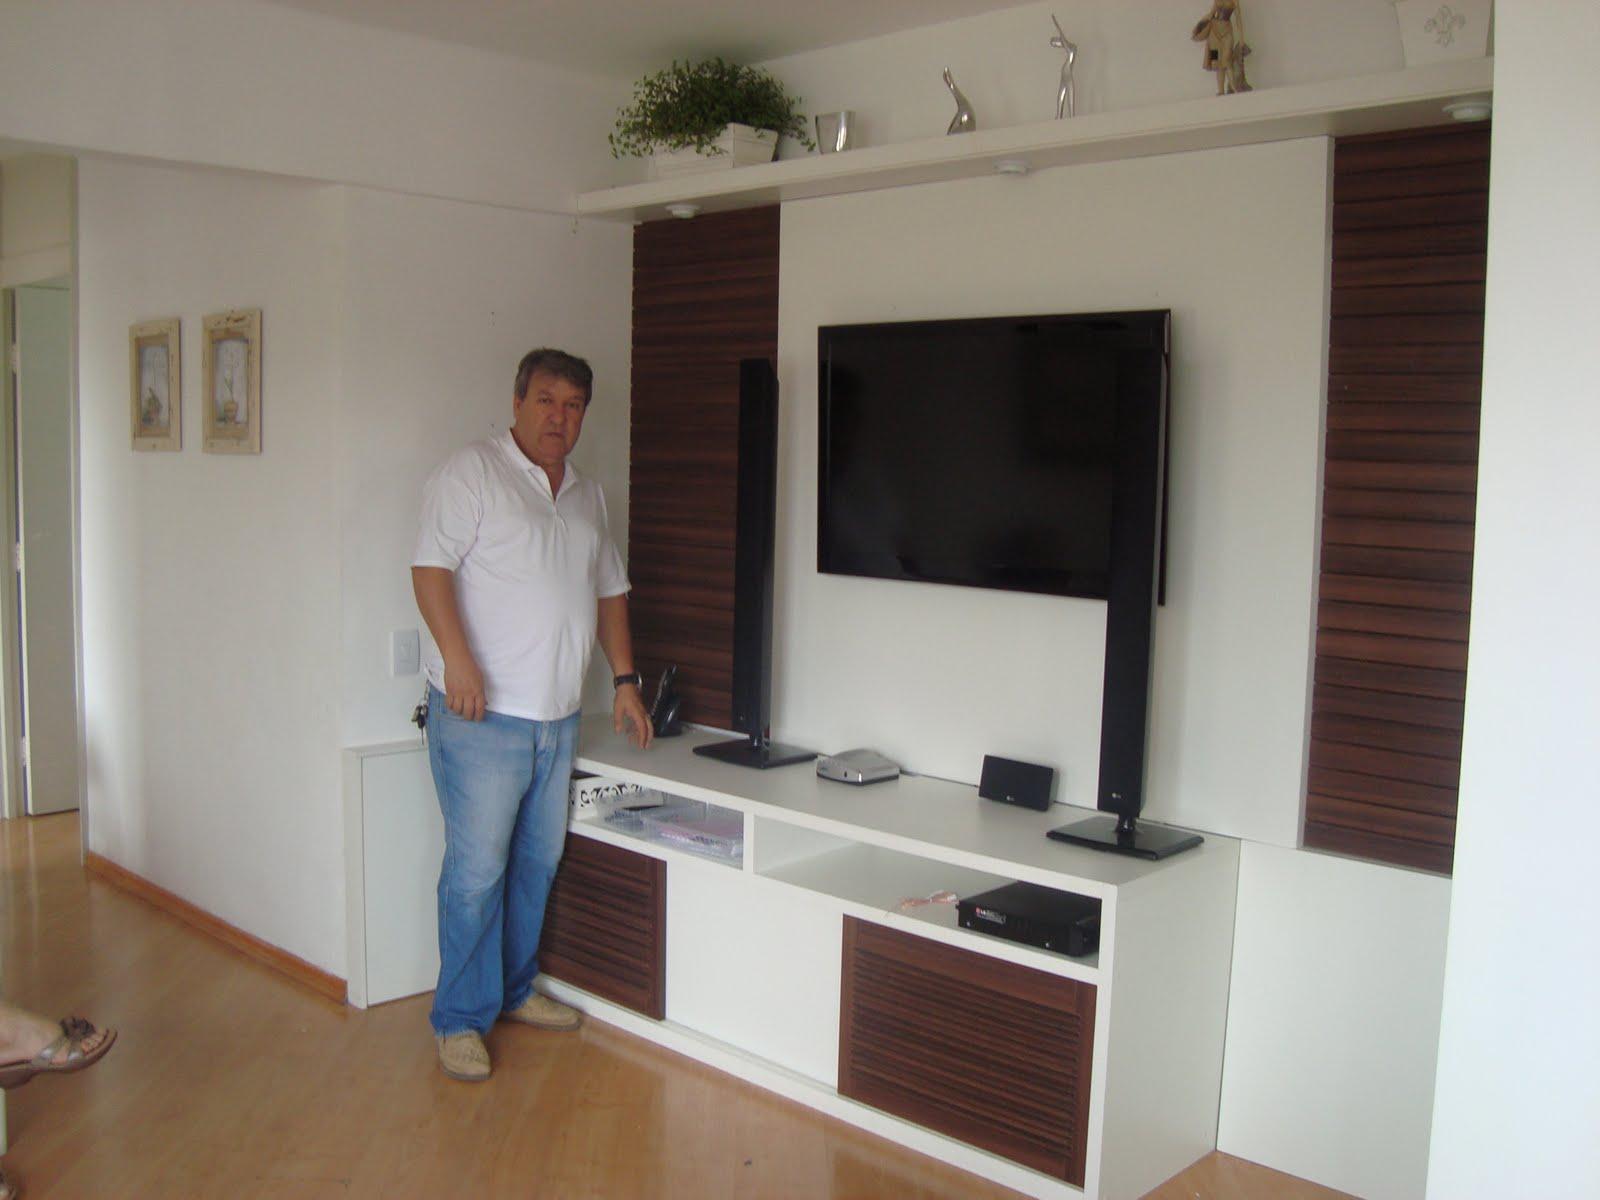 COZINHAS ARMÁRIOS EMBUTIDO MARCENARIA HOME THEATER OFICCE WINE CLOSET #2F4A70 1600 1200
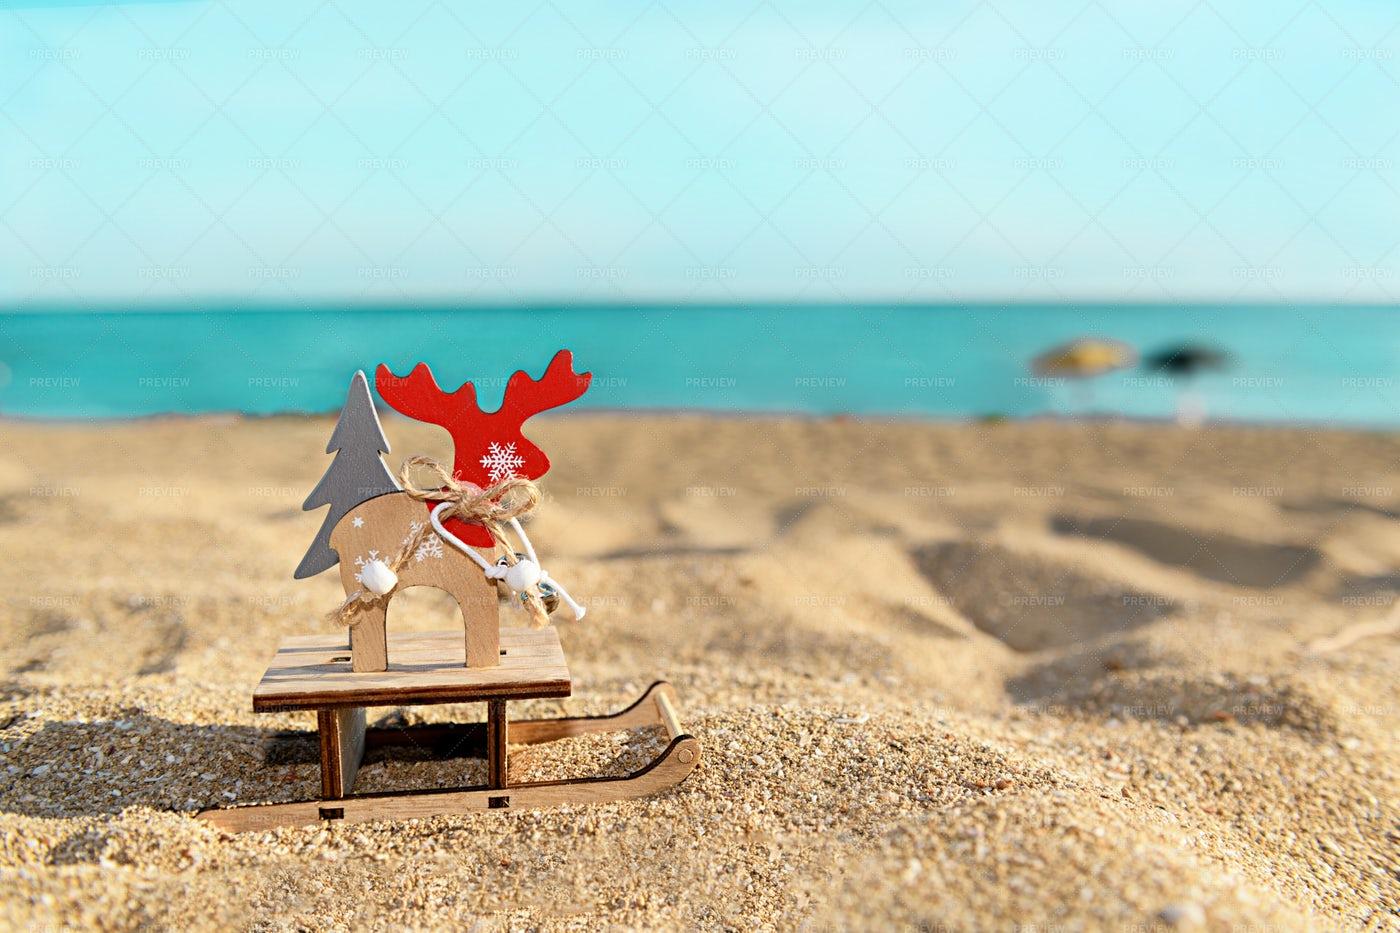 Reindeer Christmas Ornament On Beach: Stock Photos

* * *

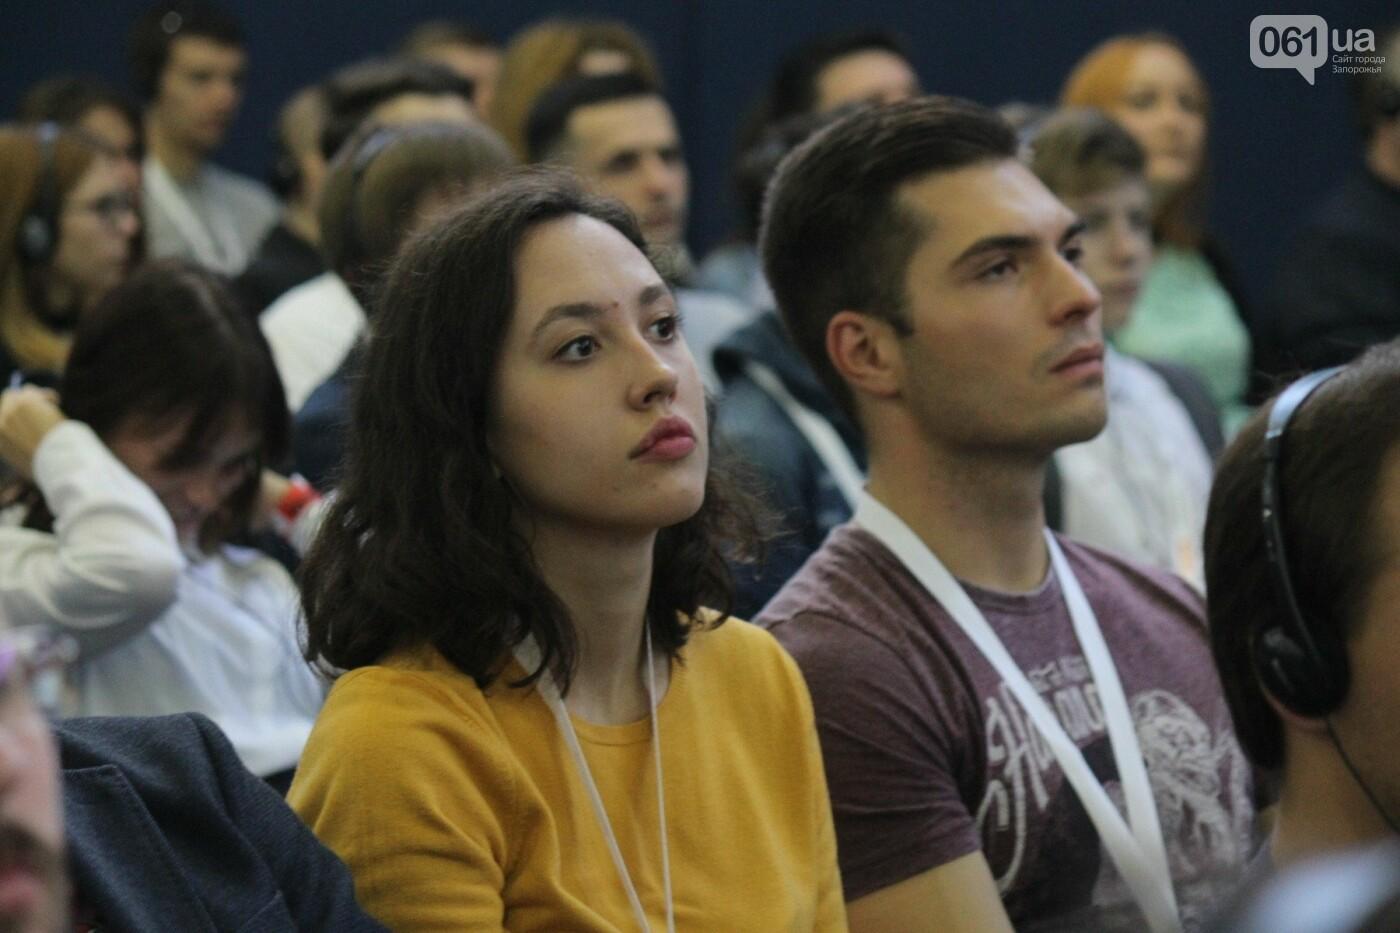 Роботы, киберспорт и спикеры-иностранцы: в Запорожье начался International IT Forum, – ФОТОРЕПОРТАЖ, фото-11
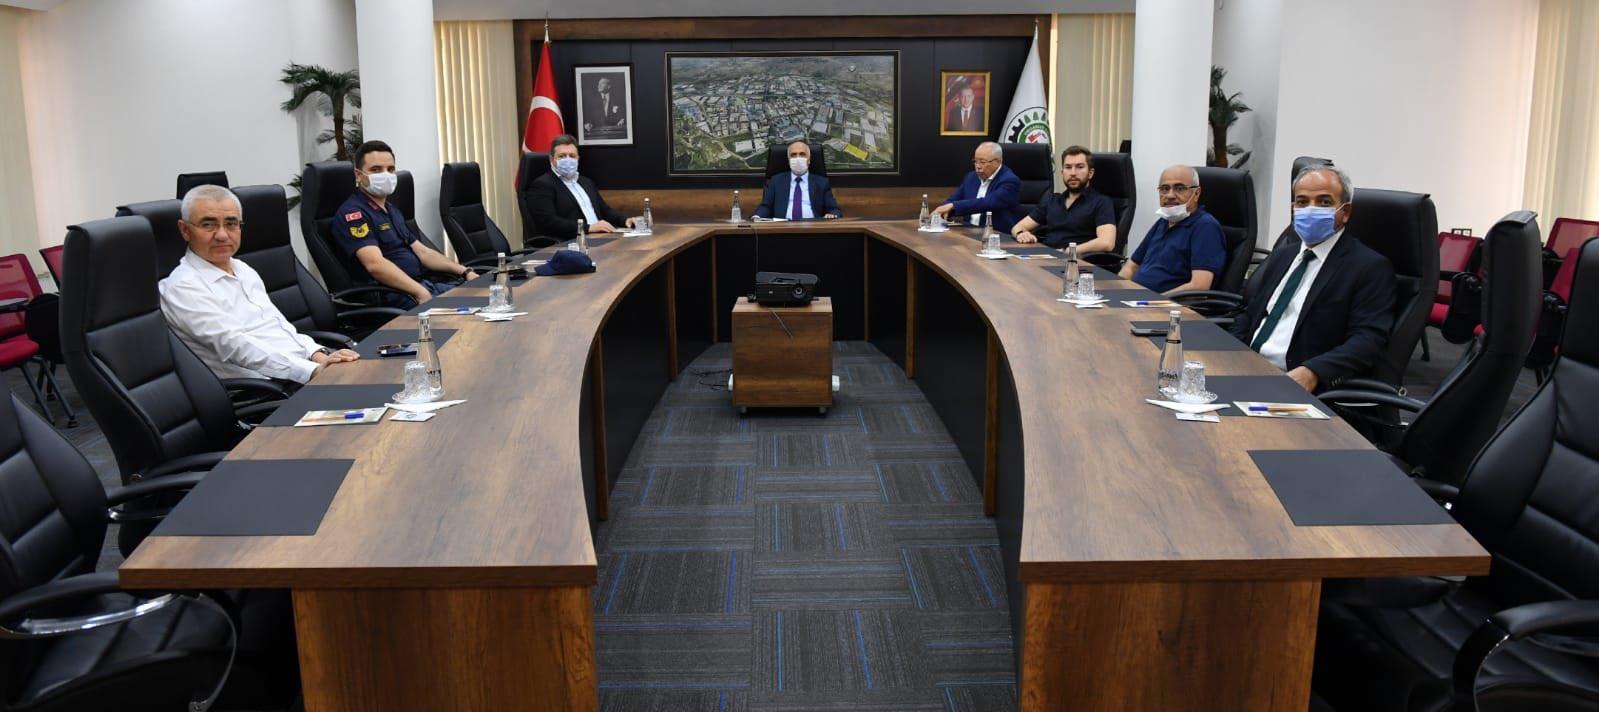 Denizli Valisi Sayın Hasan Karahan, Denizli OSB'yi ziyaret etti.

◆ Aim of the task: From the records above, extract the lines from the one holding "COZINHAS ARMÁRIOS EMBUTIDO" through the one holding "Reindeer Christmas Ornament", word for word; omit the pictures.

◆ Exercise response:
 COZINHAS ARMÁRIOS EMBUTIDO MARCENARIA HOME THEATER OFICCE WINE CLOSET #2F4A70 1600 1200
 Reindeer Christmas Ornament On Beach: Stock Photos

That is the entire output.